I think I know why telemed companies don’t bother to send records to primary care docs. I have gotten just a handful of telemedine records in the last few years, and they’re frankly embarrassing. One was about an 8 year old with a sore throat (who wasn’t even asked about fever). It says the mom “looked at the throat and saw it was pink without exudate.” (Let me mention here that throats are always pink. That’s the normal color of a throat.) Amoxicillin, in an incorrect dose, was called in for “possible strep throat.” This is terrible medicine that contradicts every published guideline for evaluating sore throats in children. I’ve also got records from kids treated with three days of antibiotics for a sinus infection, and urinary tract infections being treated without any testing of the urine (again, these examples completely contradict evidence-based care guidelines) If this is the kind of Krappy Kare we’ve decided we want for our children, we ought to just make antibiotics over-the-counter and skip the pretending over the phone.
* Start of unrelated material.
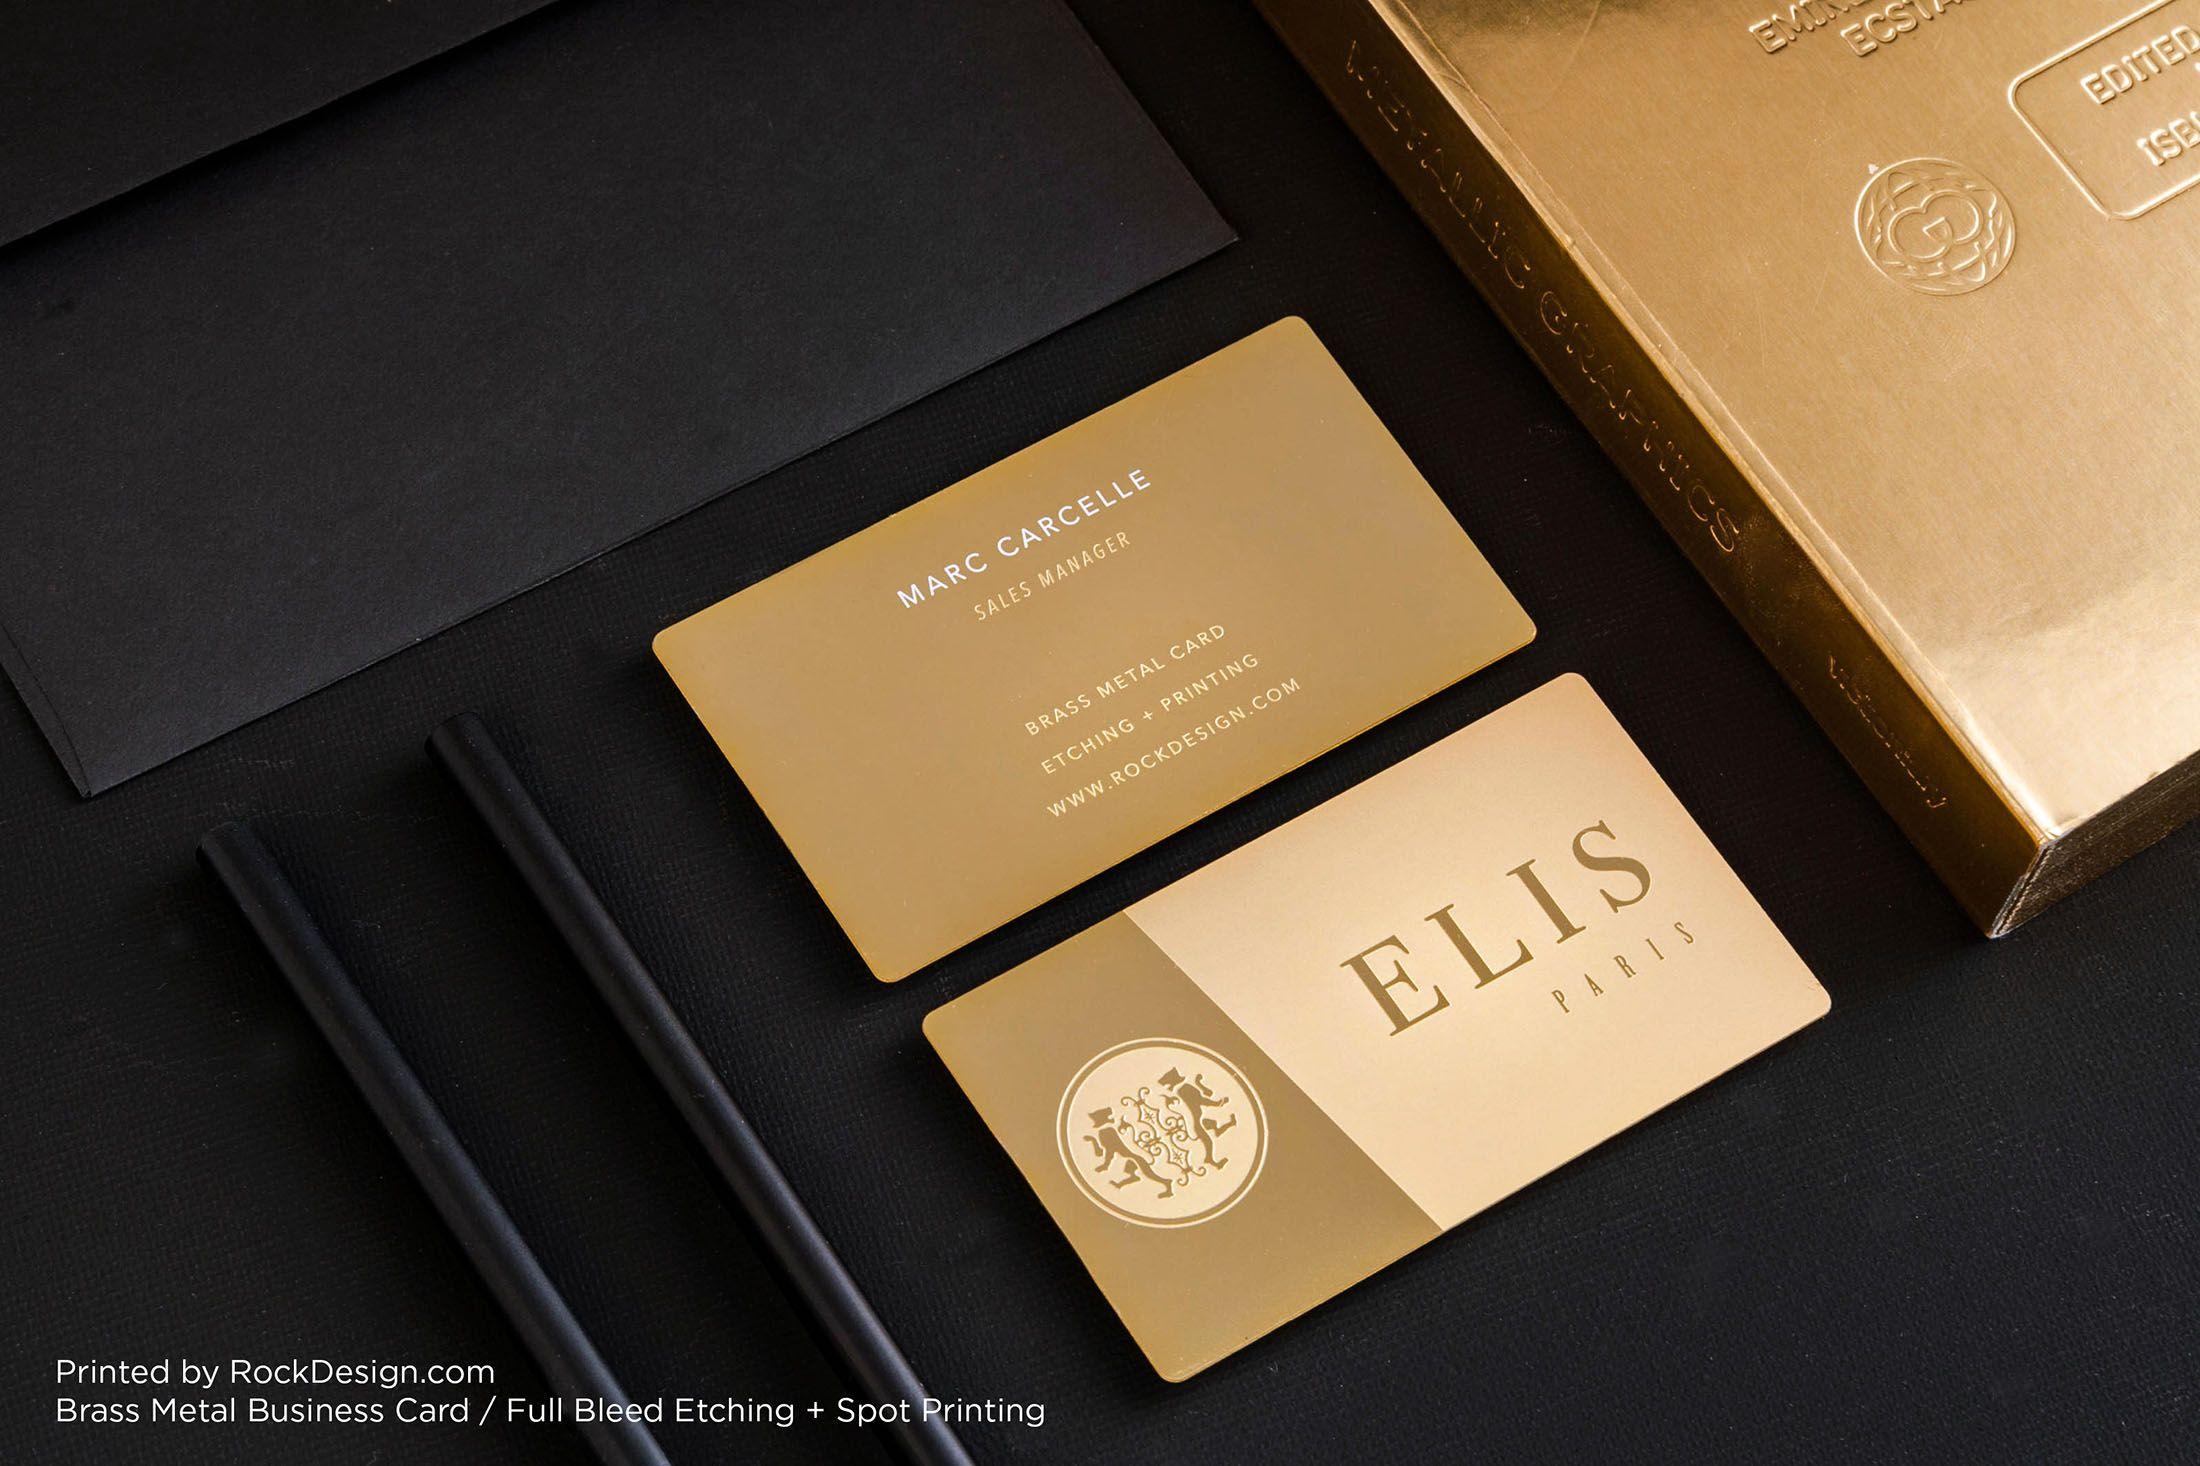 Luxury modern gold metal card elis rockdesign luxury business luxury modern gold metal card elis rockdesign luxury business card printing reheart Images
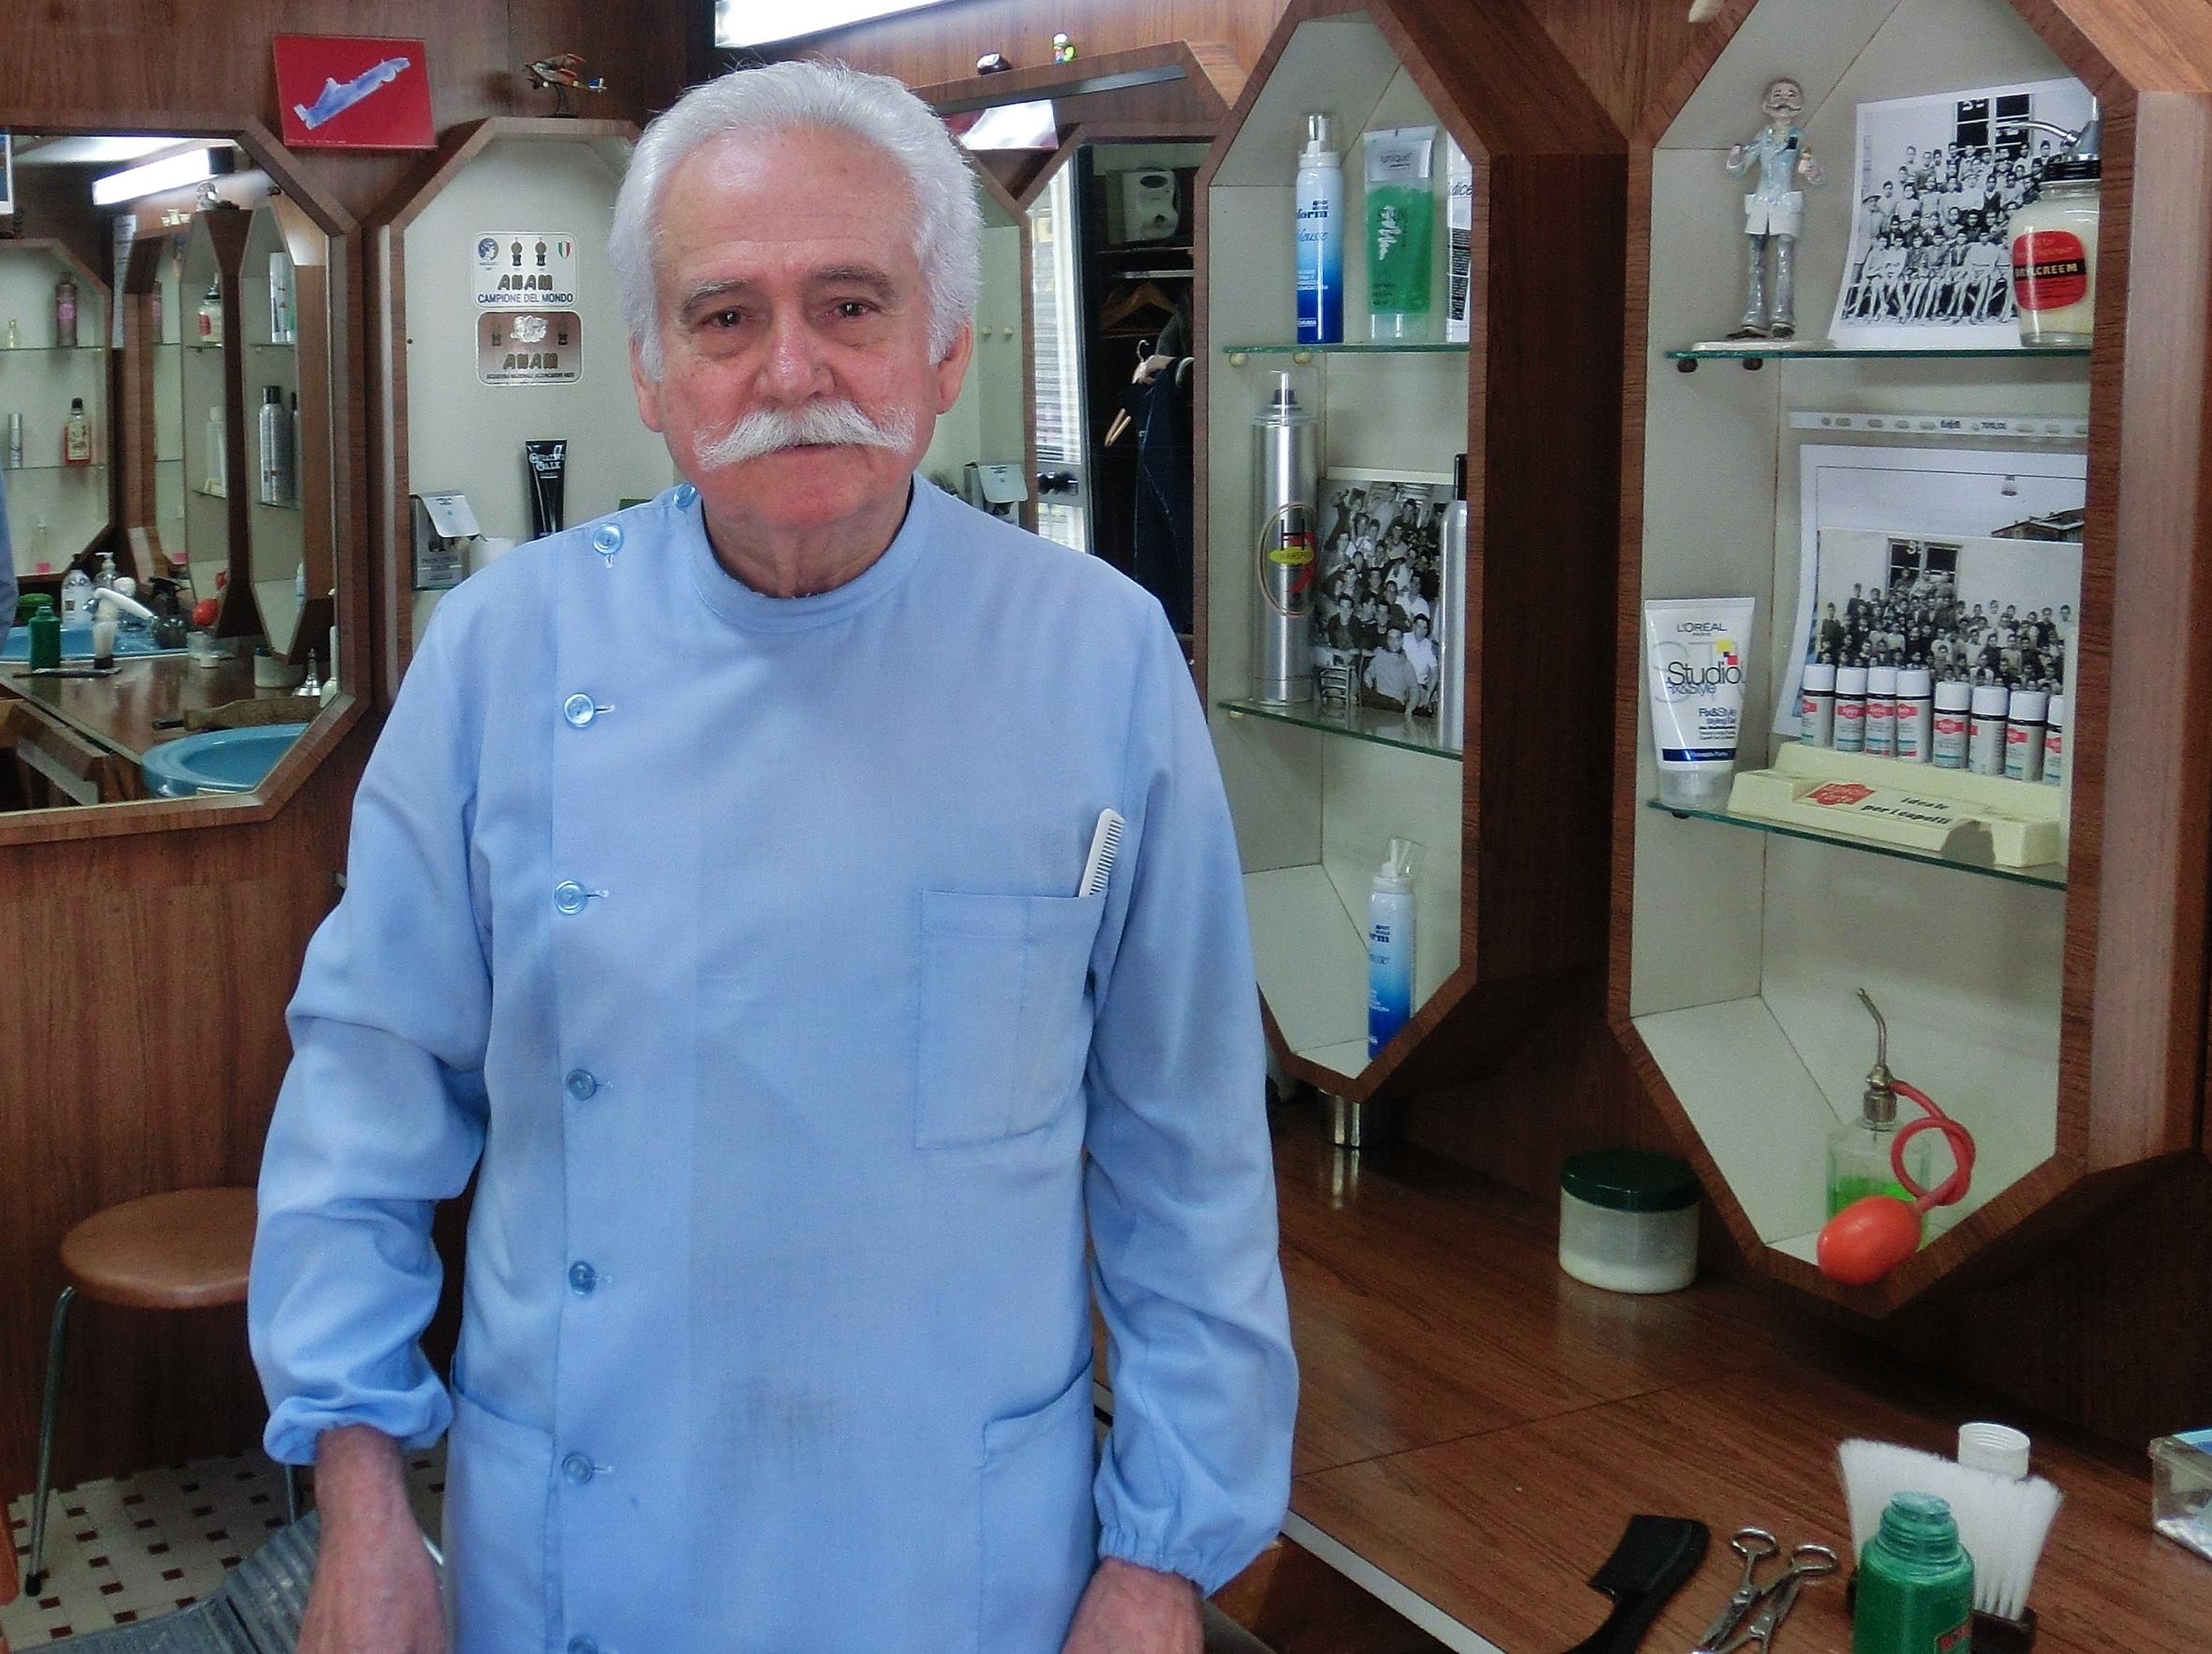 Barber In Italian : Ode to the Italian Barbershop martincooney.com sculptor

There can be a role for telemedicine. I see it as a useful tool for follow-ups, especially for psychiatric or behavioral care where a detailed physical exam isn’t needed. Telemedicine can also be a great way for physicians in isolated or rural areas to get help from a specialist for complex cases. And telemedicine technology is already being used successfully to allow expert-level interpretation of objective tests, like pediatric EKGs and echocardiograms.

But current available technology (like this Teladoc service) doesn’t allow a clinician to really examine a patient, look in their ears, or even assess whether their vital signs are normal. They cannot help decide whether a child is genuinely ill or just a little sick – and that, really, is what parents need to know in the middle of the night. Calling in unnecessary antibiotics is cheap and easy – and that’s why this kind of care is being pushed by insurance companies. But it’s no substitute for genuine medical care from your own child’s doctor. Your children deserve better care than pretend medicine over the phone.